**EXERCISE DESCRIPTION**
Render every line of the data exactly as written, and leave out the pictures.

::::

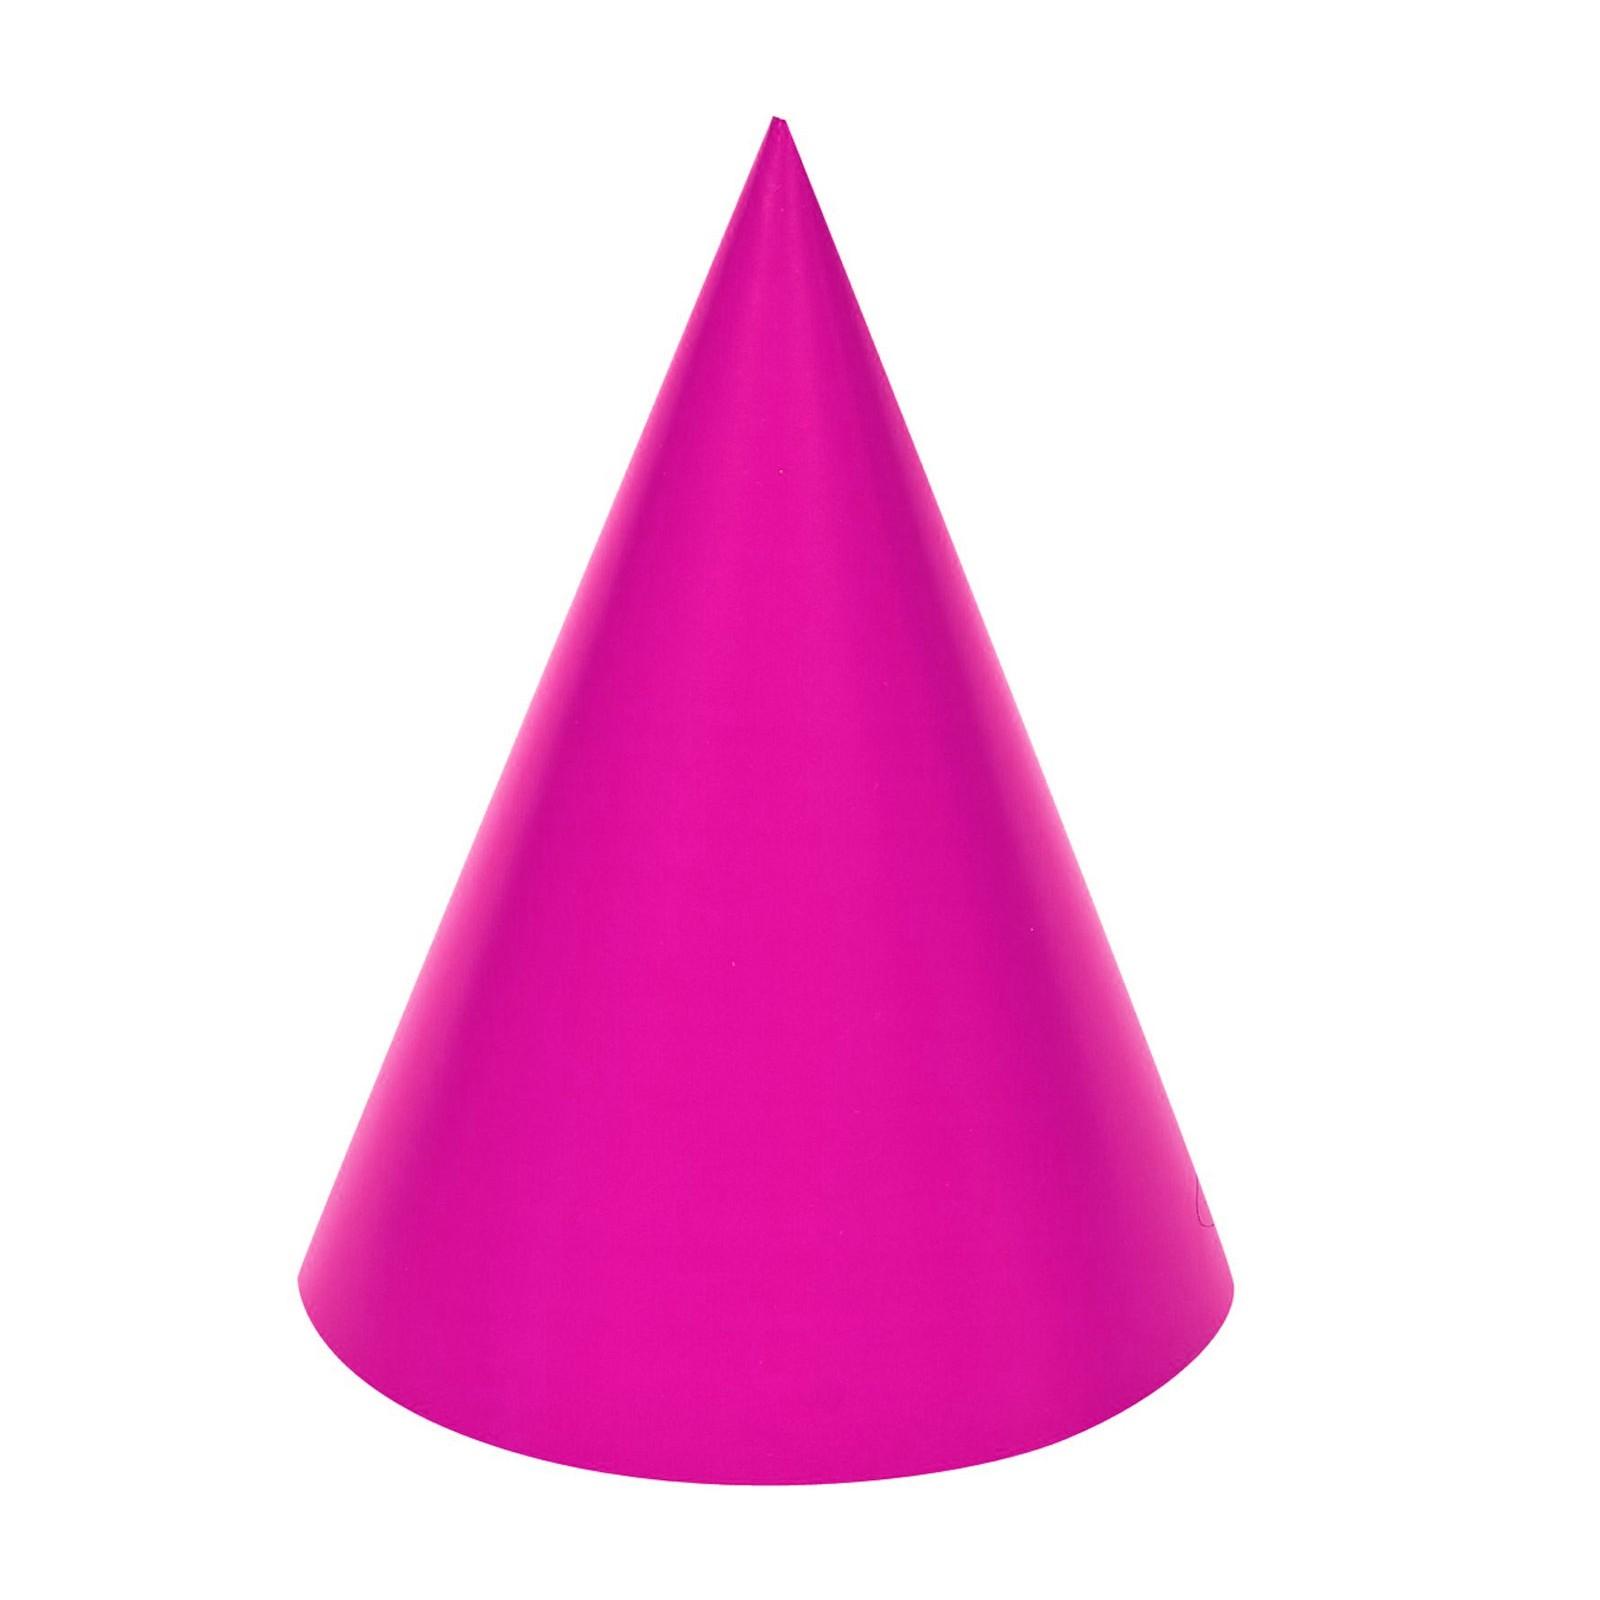 High Resolution Wallpaper | Cone 1600x1600 px
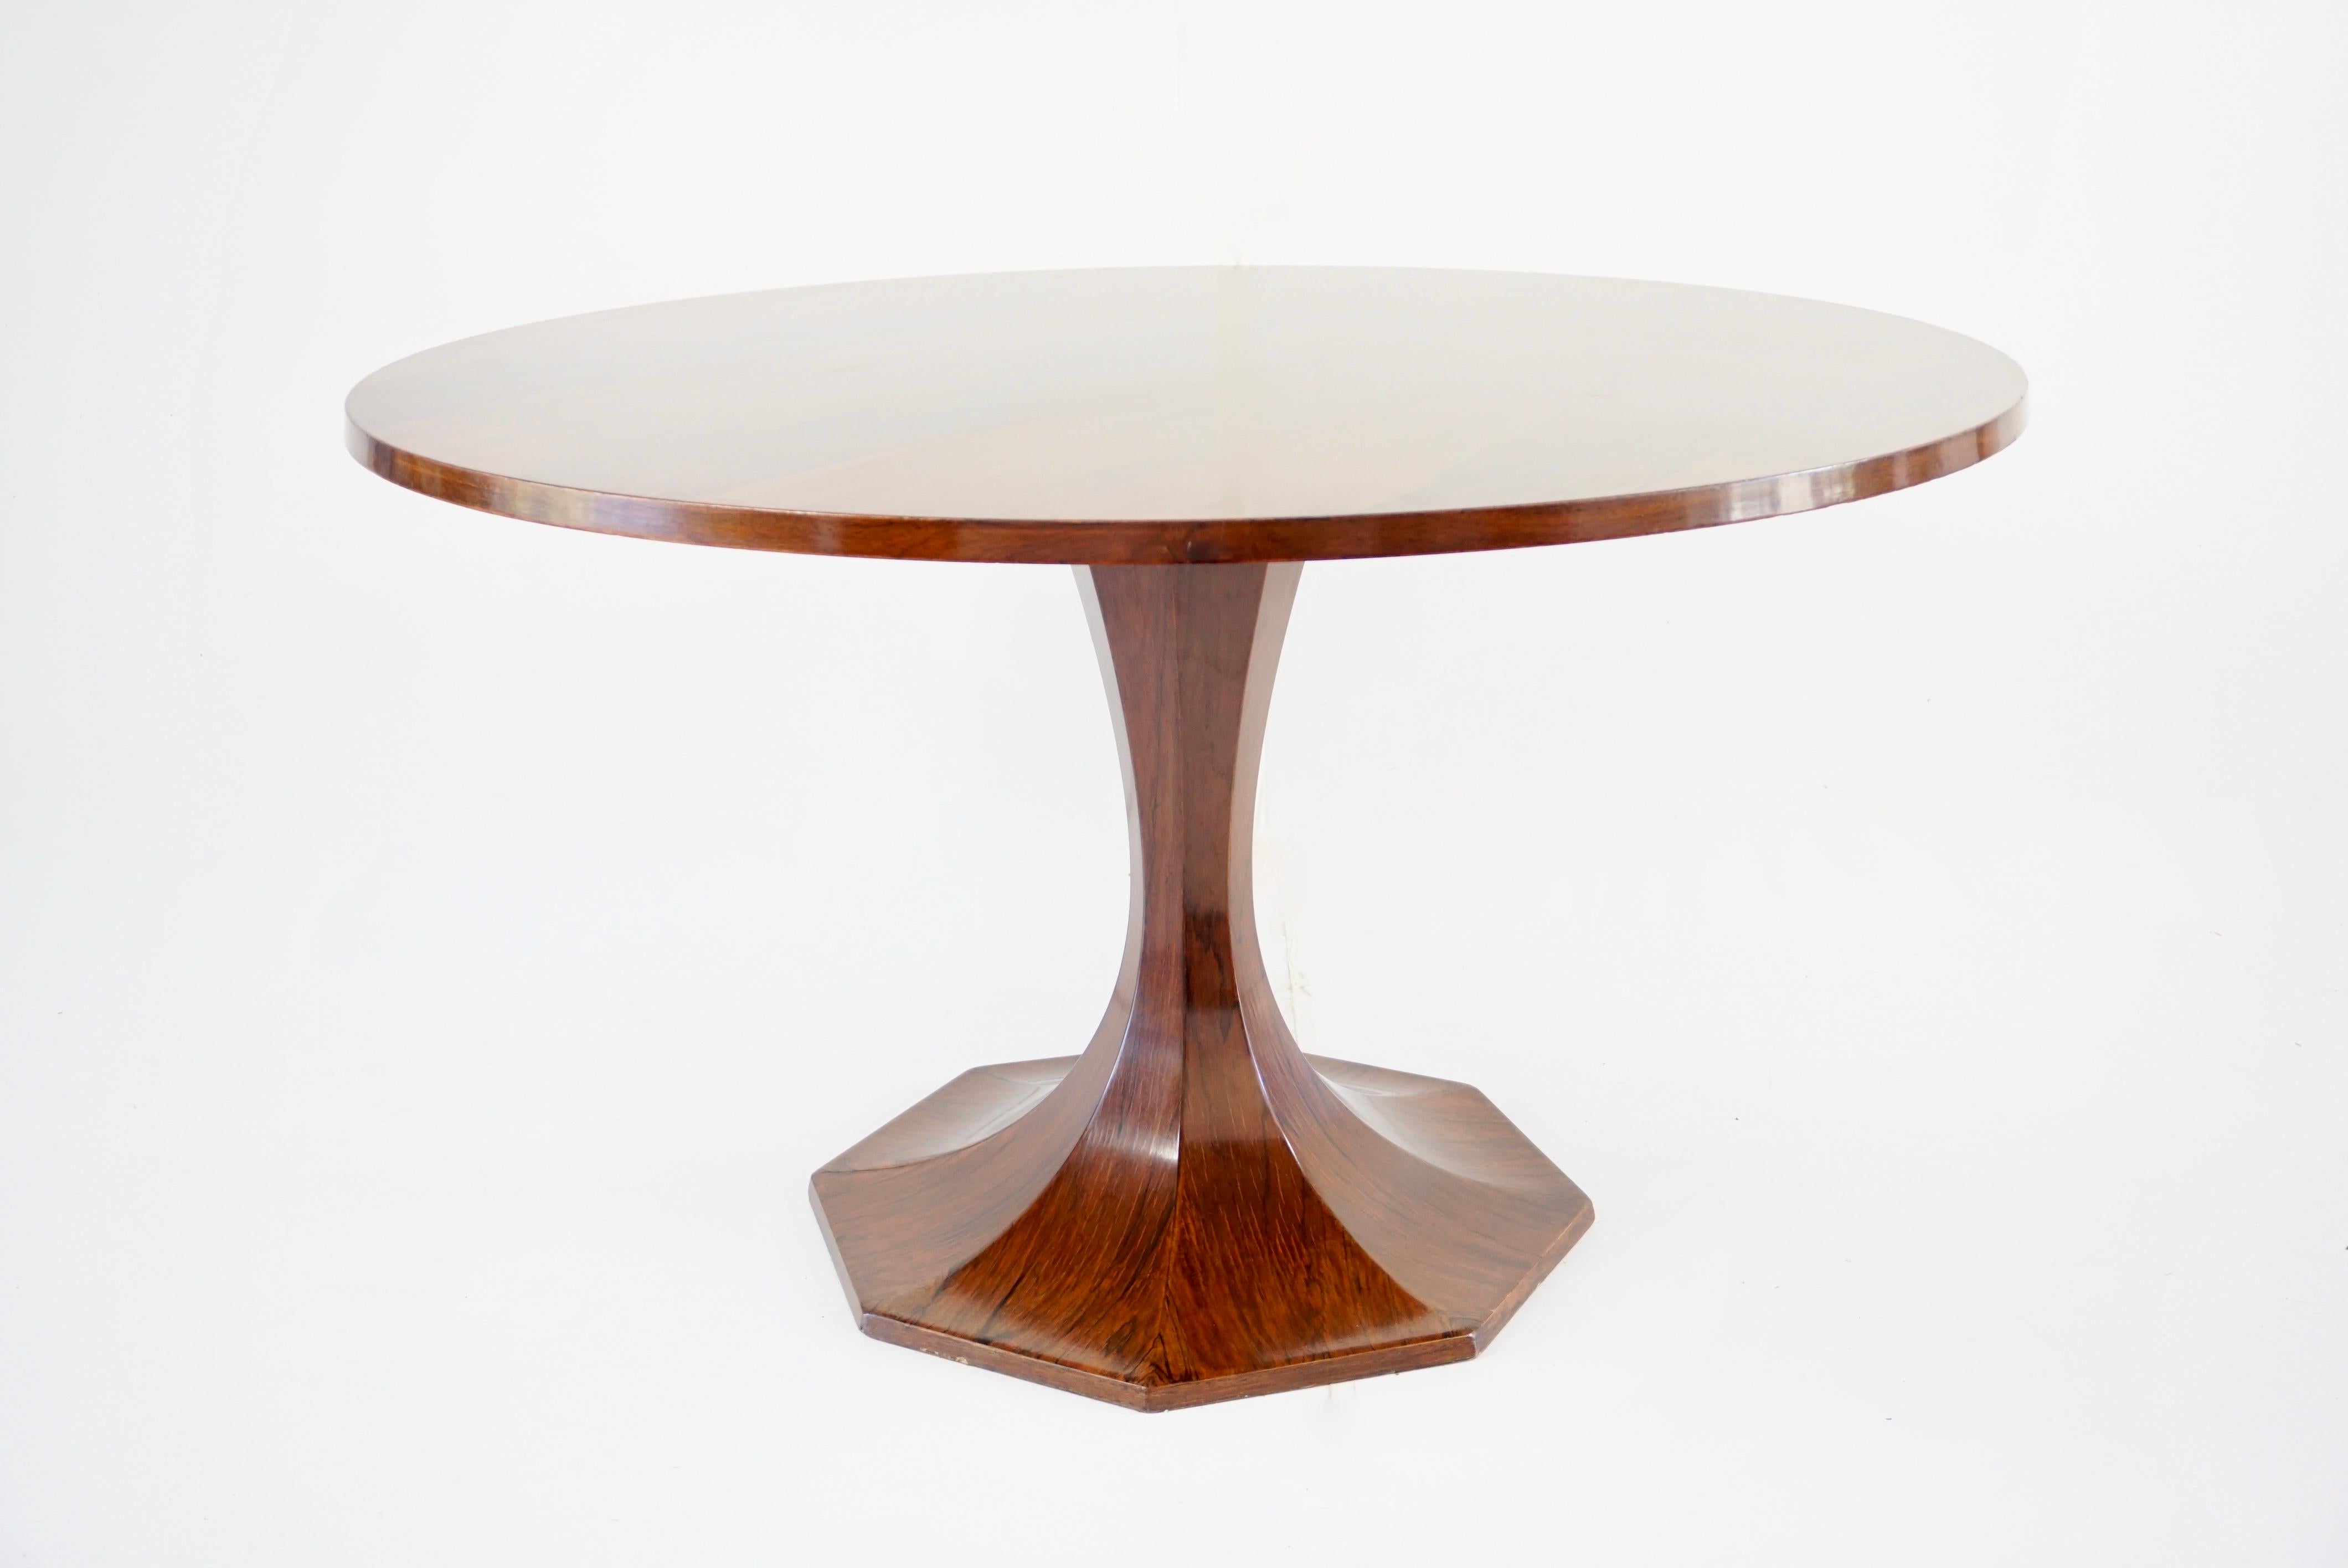 gorgeous large pedestal Carlo De Carli dining table, circa 1960 
bentwood, veneer 
very good original patina 
sculptural foot. The wooden grain has an admirable expression with dark grains that defines the aesthetics of this table
octagonal

::::

**RESULT OF THIS TASK**
 High Resolution Wallpaper | Cone 1600x1600 px
 gorgeous large pedestal Carlo De Carli dining table, circa 1960 
bentwood, veneer 
very good original patina 
sculptural foot. The wooden grain has an admirable expression with dark grains that defines the aesthetics of this table
octagonal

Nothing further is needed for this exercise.